Trends Endocrinol Metab. 2005 Jul;16(5):228-34. doi: 10.1016/j.tem.2005.05.005.
The six insulin-like growth factor (IGF)-binding proteins (IGFBPs) are important regulators of IGF actions. IGF-independent actions of several IGFBPs have also been described. IGFBPs contain highly conserved N- and C-terminal domains, both of which are important for high-affinity IGF binding. The C-domain also binds a large number of other biomolecules, thereby modulating IGF binding and mediating IGF-independent effects. The 3D structures of the IGF-binding region of the N-domain of IGFBP-5 and the entire C-domain of IGFBP-6 have been solved recently, providing new insights into IGFBP modulation of IGF actions, and structural studies might be expected to do the same for IGF-independent actions. IGFBP-based therapies for diseases such as cancer are promising, and this recent progress will enhance their development.

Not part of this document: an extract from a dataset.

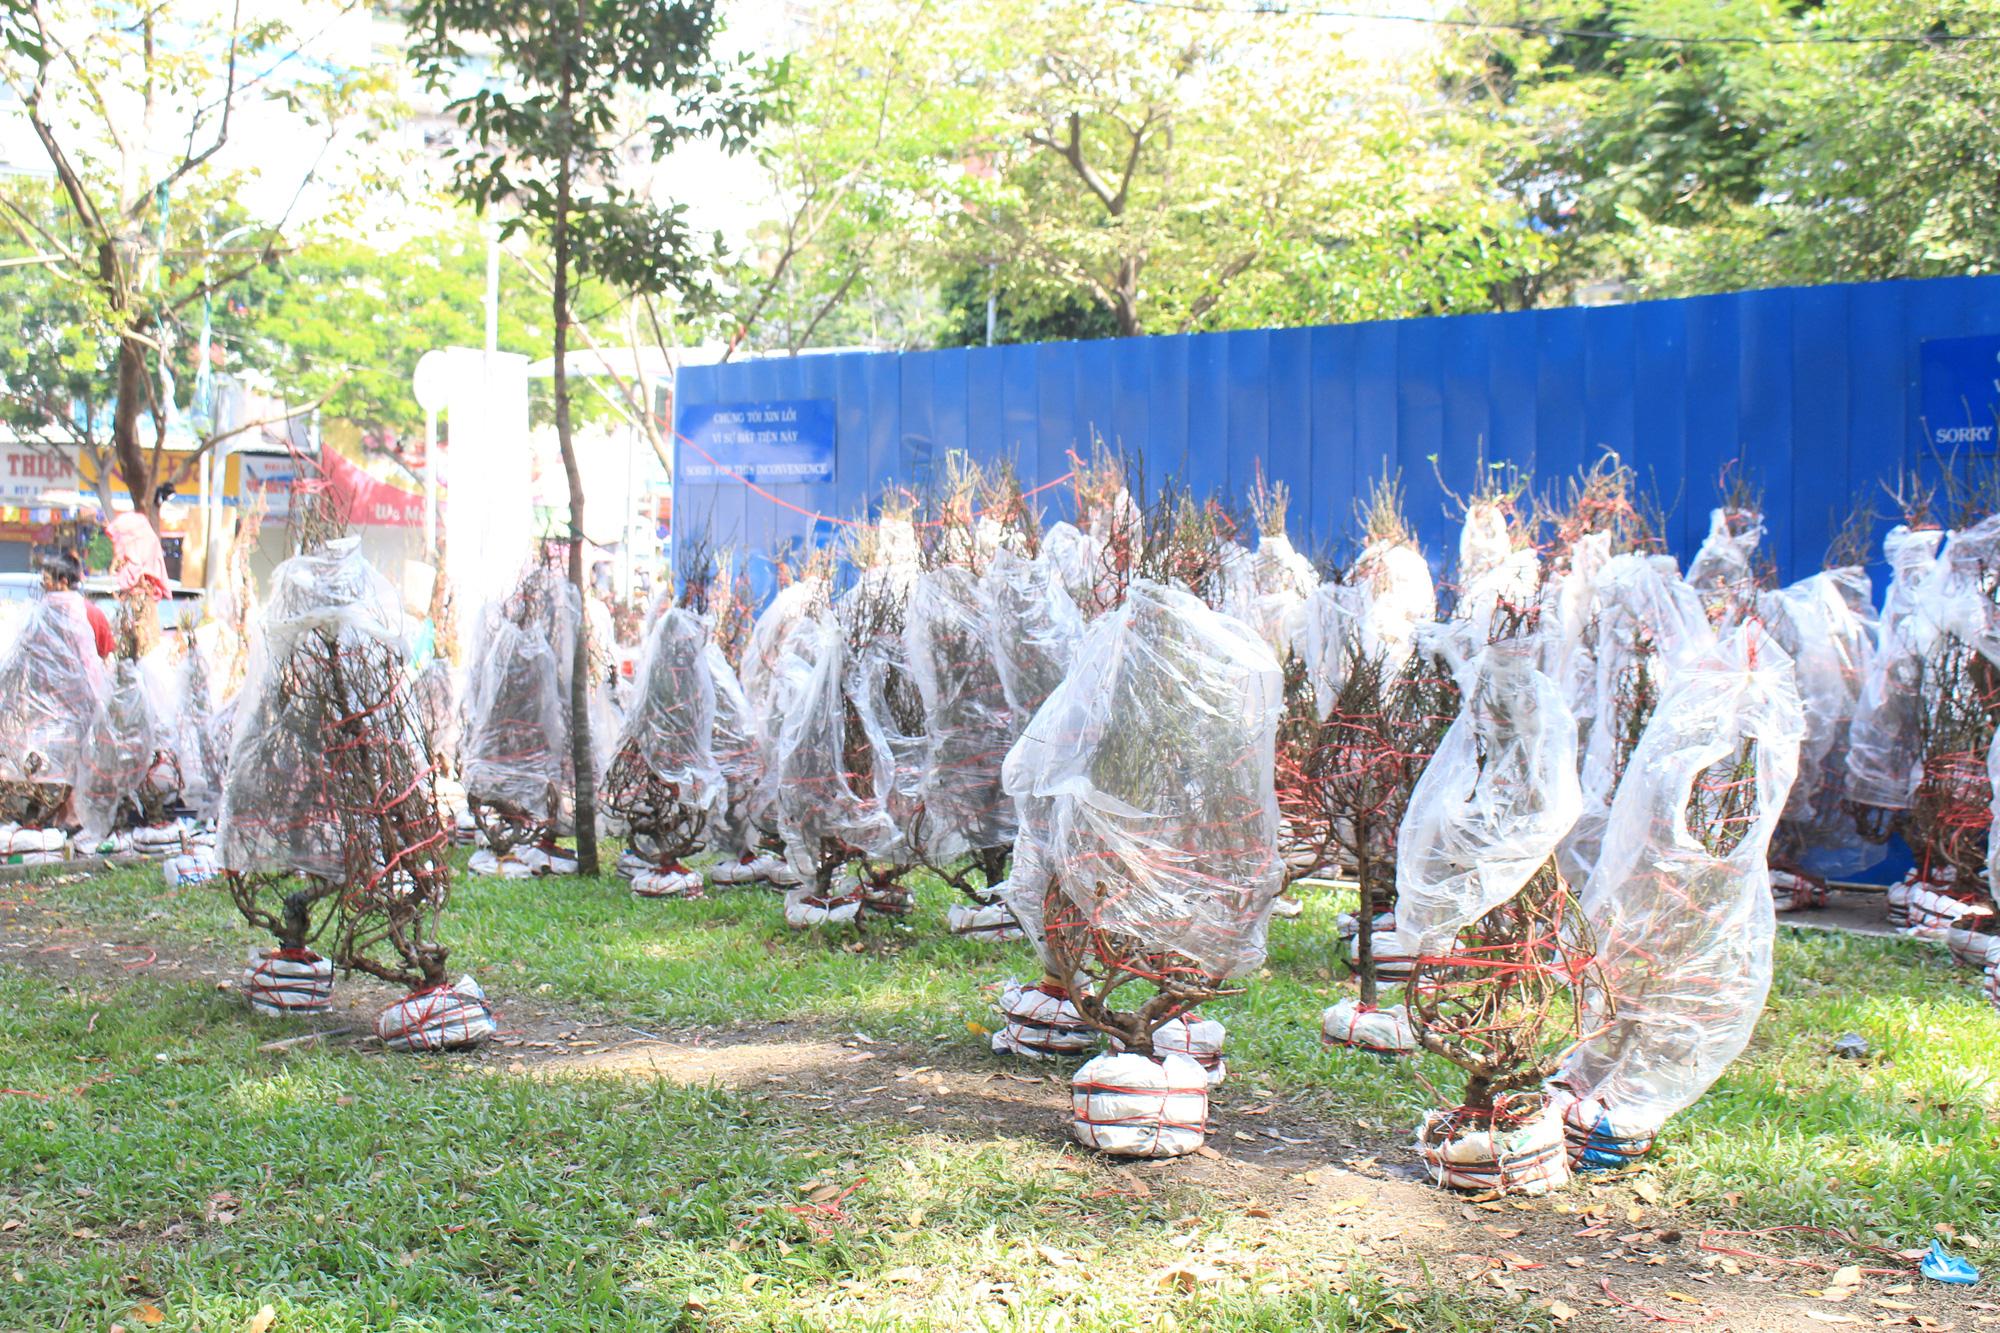 Trưa 30 Tết, mai, đào, hướng dương bán rẻ như cho 50.000 đồng một cây ở chợ hoa Sài Gòn - Ảnh 7.

六种胰岛素样生长因子(IGF)结合蛋白(IGFBP)是IGF作用的重要调节因子。几种IGFBP的非IGF依赖性作用也已被描述。IGFBP包含高度保守的N端和C端结构域,这两个结构域对于高亲和力IGF结合都很重要。C结构域还结合大量其他生物分子,从而调节IGF结合并介导非IGF依赖性效应。最近已解析出IGFBP-5的N结构域的IGF结合区域和IGFBP-6的整个C结构域的三维结构,为IGFBP对IGF作用的调节提供了新见解,并且结构研究有望对非IGF依赖性作用也有同样的发现。基于IGFBP的癌症等疾病治疗方法很有前景,而这一最新进展将加速其发展。